The Lamb-Weston case involved a conflict between an "excess" clause and a "pro rata" clause. However, proration has also been required when there was a conflict between "pro rata" clauses (Beattie v. American Automobile Ins. Co., 338 Mass. 526, 156 N.E.2d 49, 1959; Woodrich Construction Company v. Indemnity Ins. Co. of North America, 252 Minn. 86, 89 N.W.2d 412, 1958; Bituminous Casualty Co. v. The Travelers Ins. Co., U.S.D.Minn., 122 F. Supp 197, 1954), between "excess" clauses (Reetz v. Werch, 8 Wis. 2d 388, 98 N.W.2d 924, 1959), and between an "excess" clause and an "escape" clause (Commercial Casualty Ins. Co. v. Hartford Accident & Indemnity Co., 190 Minn. 528, 252 N.W. 434, 253 N.W. 888, 1934; Oregon Automobile Ins. Co. v. United States Fidelity & Guar. Co., U.S. 9 Cir., 195 F.2d 958, 1952).

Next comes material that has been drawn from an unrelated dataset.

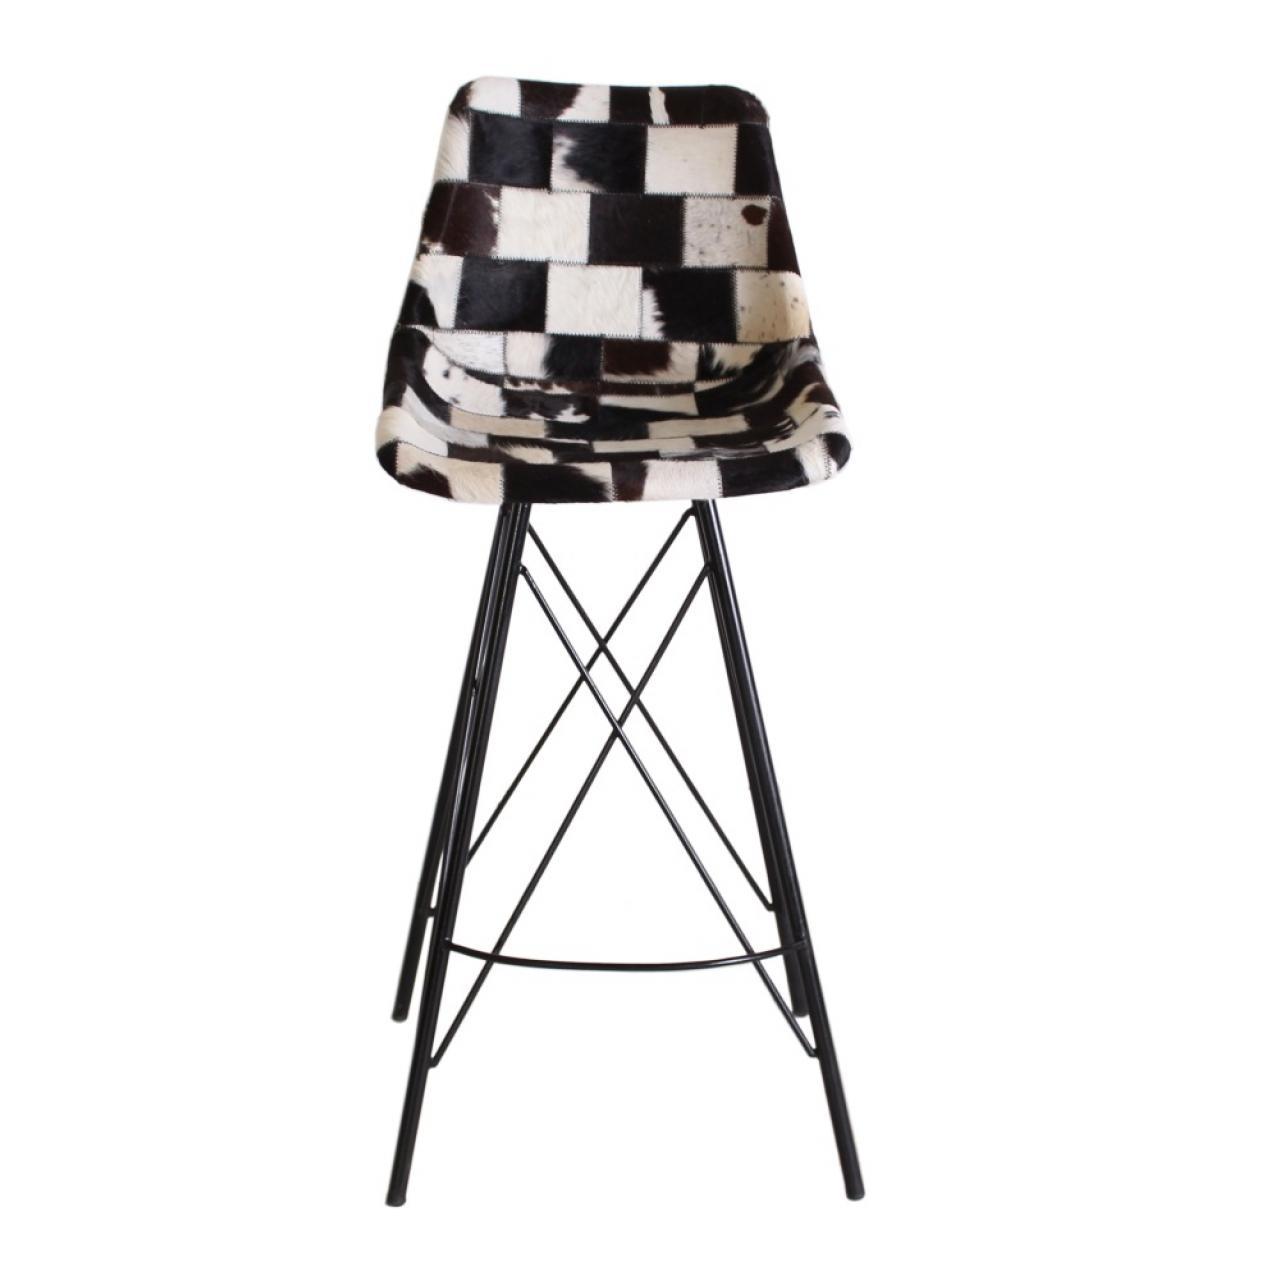 barm bel online kaufen m bel j hnichen center gmbh m bel j hnichen center gmbh. Black Bedroom Furniture Sets. Home Design Ideas

These views are presented for what assistance they may be to counsel or higher *756 tribunal in any further review of our decisions in these proceedings.
I respectfully concur.
On Application for Rehearing.
En Banc. Rehearing denied.
NOTES
[1] In the present case, Mrs. Grigsby negligently injured others while driving a 1963 Ford owned by the Sulphur Motor Company. The owner of this Ford had secured a policy from Travelers insuring its operation, which policy insured Mrs. Grigsby as an omnibus insured while driving the car with the owner's consent. This lady had just traded a 1959 Chevrolet to the Sulphur Motor Company; on the Chevrolet she had obtained a liability policy which insured her while driving it and also while driving a "non-owned" car. By reason of this "non-owned car" coverage, State Farm insured Mrs. Grigsby's operation of the 1963 Ford owned by the motor company.